“Secepatnya,” jawab raja.
“Kenapa kita tidak melawan?”
“Bukan tidak, tapi belum, kau pun akan lanjutkan, Nak,” ucap sang raja sambil tersenyum.
Malam itu, keluar berbagai pertanyaan yang selalu ia pikirkan setiap kali berpapasan dengan tentara Belanda. Raja selalu memperingatkan agar ia berhati-hati dan tidak mendekati orang-orang Belanda. Terlebih jika ia tak sengaja berpapasan dengan beberapa orang Belanda yang menyakiti masyarakat, hatinya lirih ingin mengancam namun apa daya seorang gadis kecil itu.
Beranjak dewasa, Famajjah semakin terbuka dengan dunia luar. Bukan berarti saat kecil ia tidak mengenal dunia, namun di usianya kini pikirannya lebih luas dan kritis. Baik dari segi agama maupun sosial yang telah ia miliki.
Karena usianya yang sudah mulai matang, Famajjah pun disandingkan dengan seorang penyiar agama di Luwu, H. Muhammad Daud. Dia merupakan anak dari teman dagang sang ayah. Karena menikah dengan keluarga kerajaan, dan termasuk salah satu penyiar agama yang pernah bermukim di Mekah, beliau diangkat menjadi imam masjid istana kerajaan di sana. Sejak saat itu pula, Famajjah mendapat gelar kebangsawanan dan mendapat gelar Opu Daeng Risadju yang kerap dikenal saat ini.
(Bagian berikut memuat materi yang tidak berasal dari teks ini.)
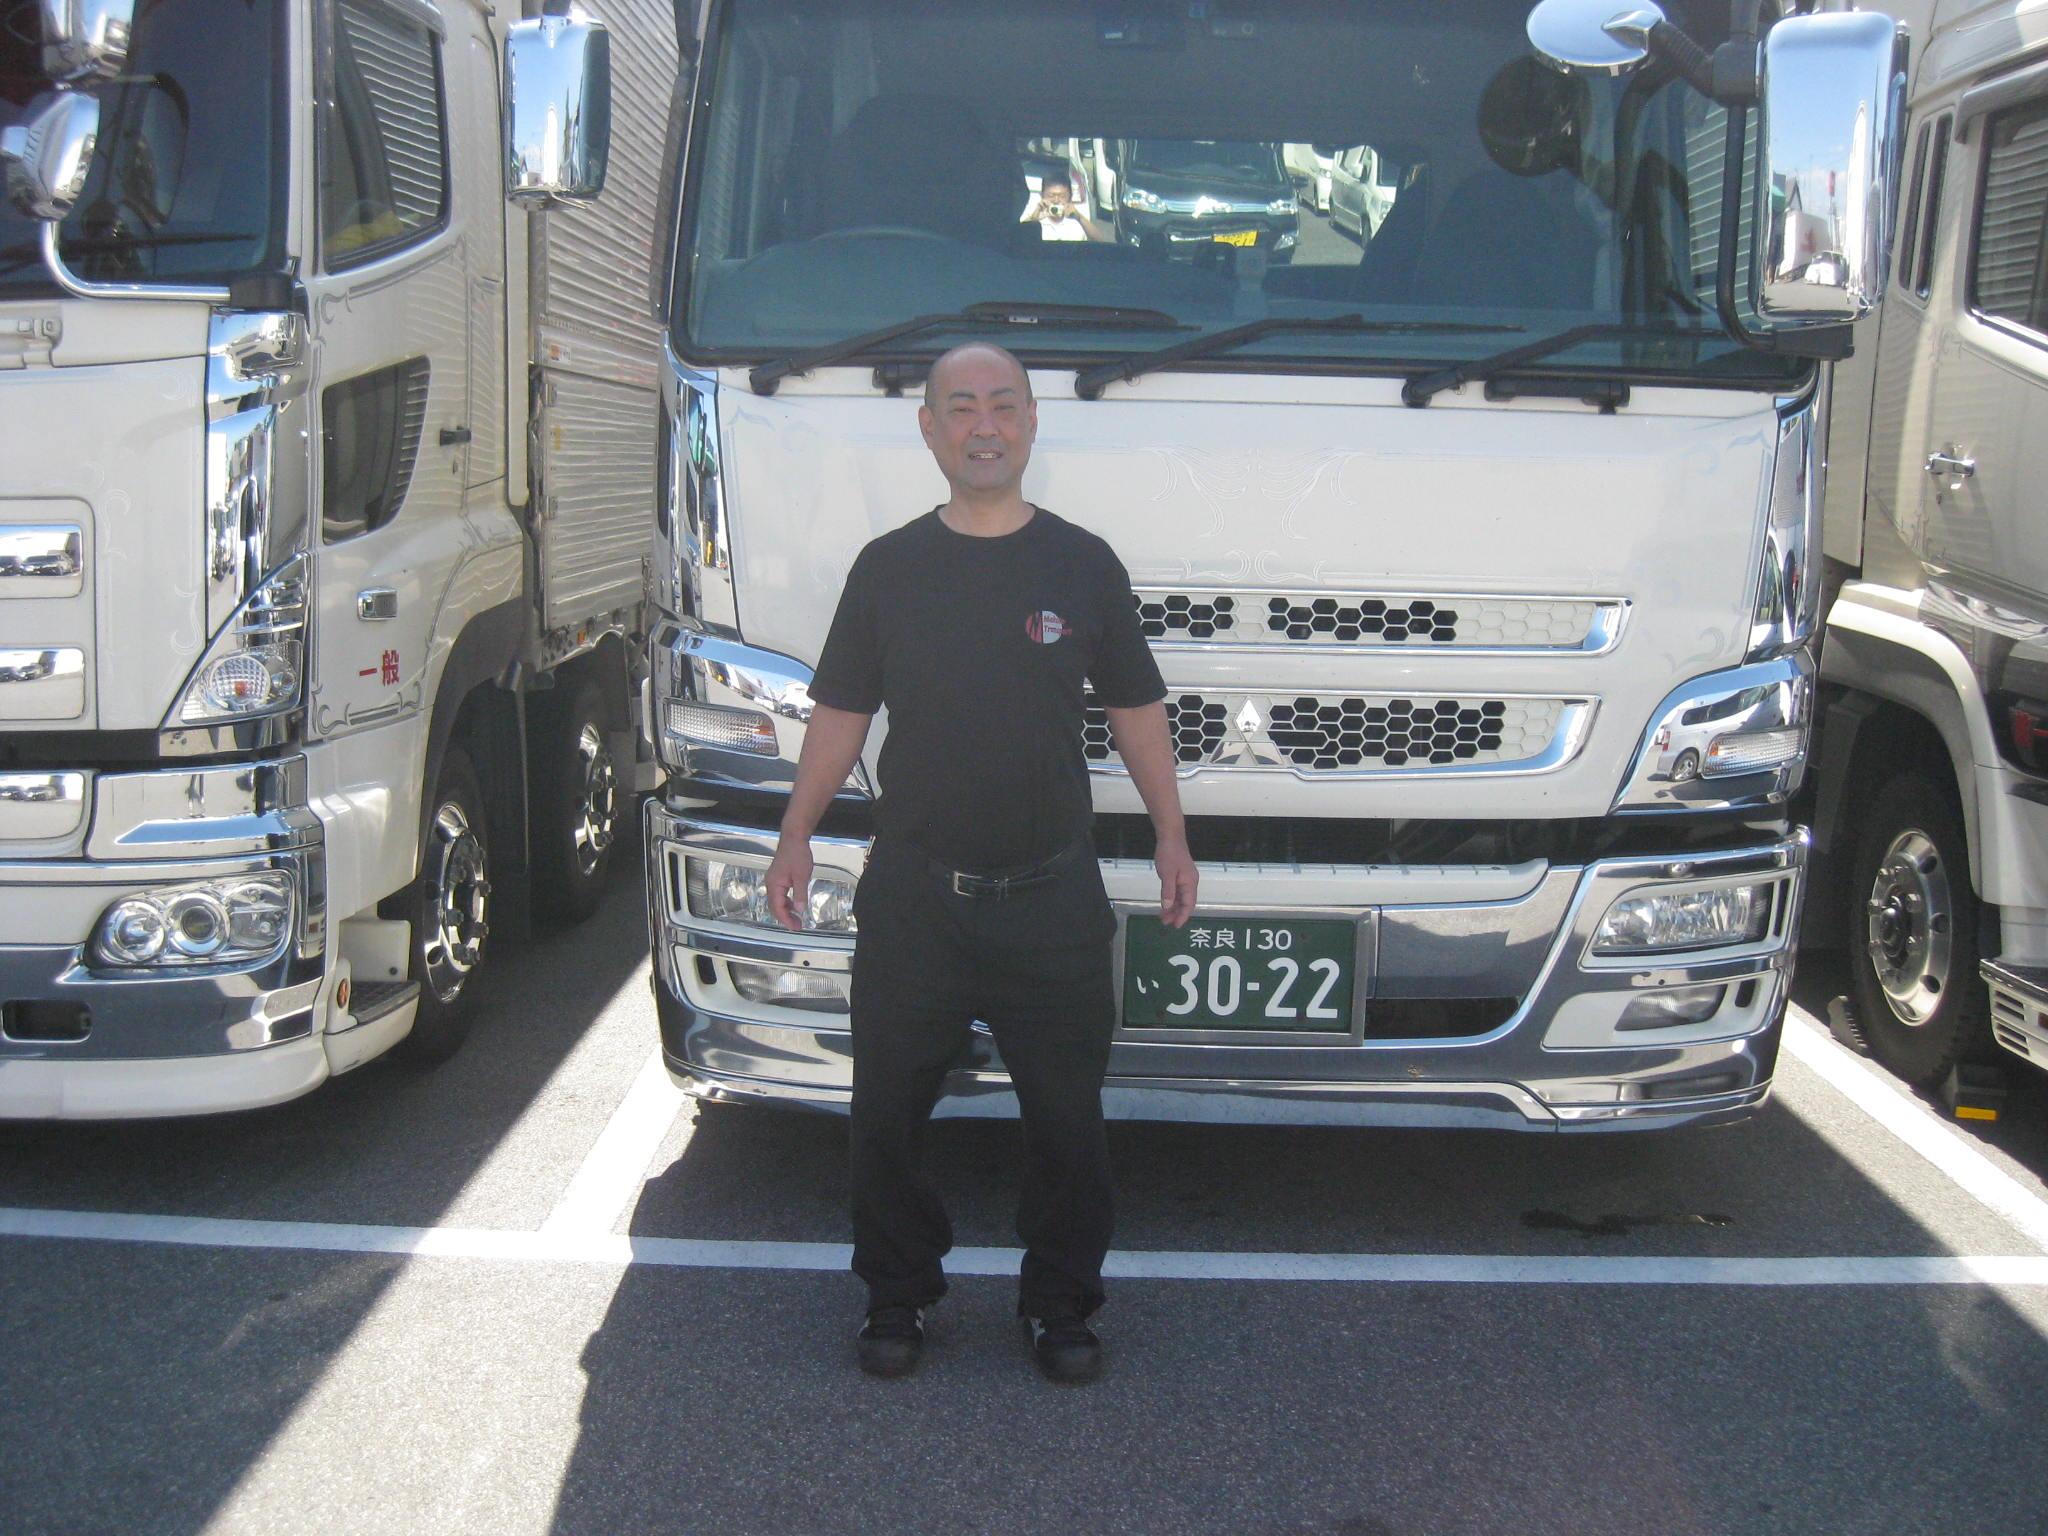 10tドライバー|トラックマンジ...
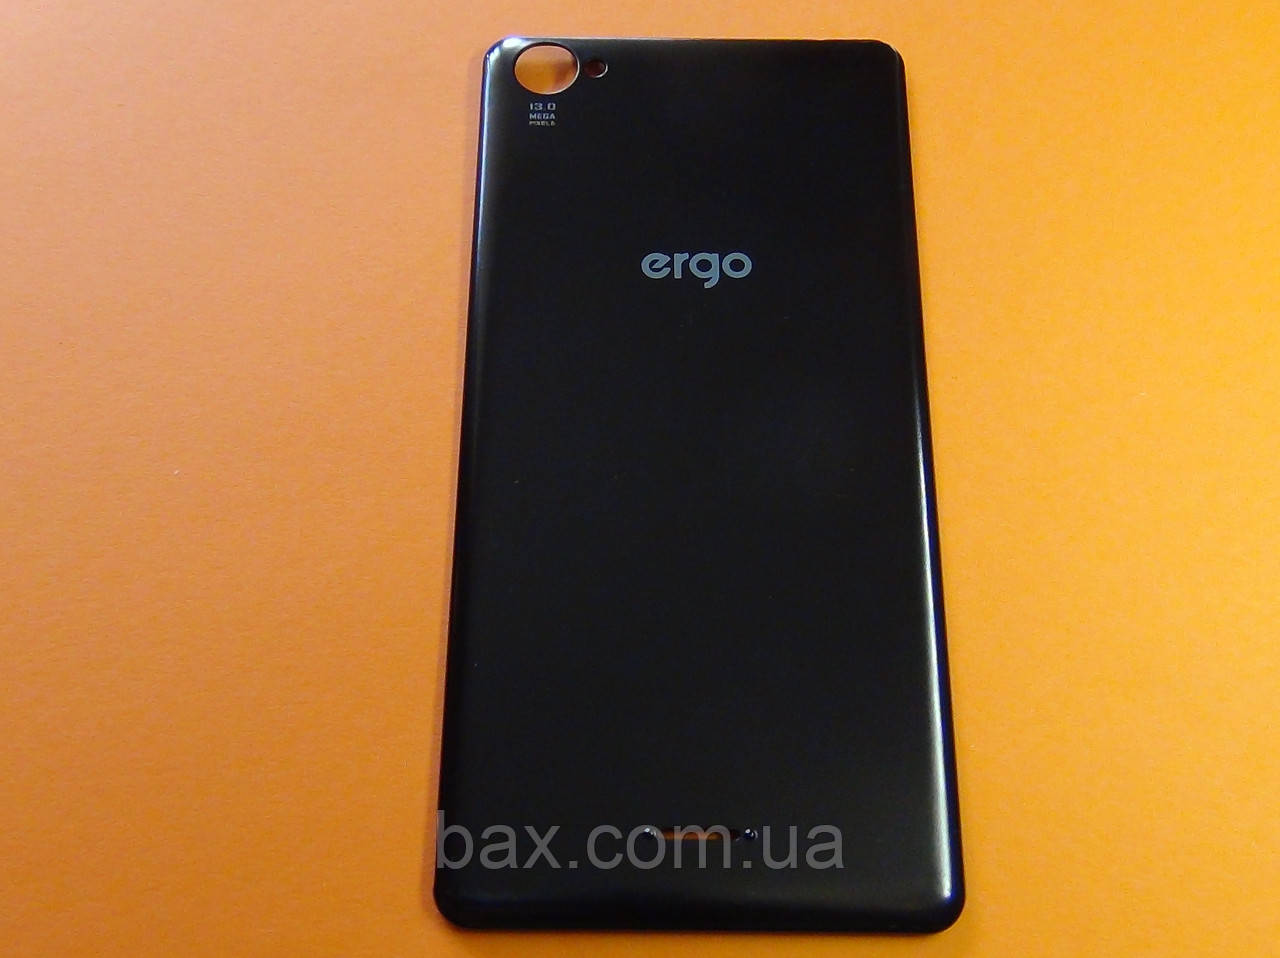 ERGO F500 крышка АКБ черная

“Sennang moki’ ga?” tanya salah seorang inangnya.
“Emm, na sennang,” jawab Opu sambil tersenyum.
“Jah, kali ini kau memangku tanggung jawab sebagai bangsawan, jaga diri baik-baik, pertahanken apa-apa yang telah kita miliki dan perjuangken apa yang telah direbut,” pesan sang raja.
“Iya, Ambo,” jawabnya.
Tidak lama kemudian, keluarga ini pindah ke Parepare. Sebuah kota pelabuhan lain di Sulawesi Selatan yang menghadap Selat Makassar. Di sini, suaminya, Muhammad Daud menyiarkan agama Islam dan Opu Daeng Risadju ikut bersama raja untuk mengamati para pedagang yang datang di pelabuhan. Dari sana Opu bertemu dengan H. Muhammad Yahya.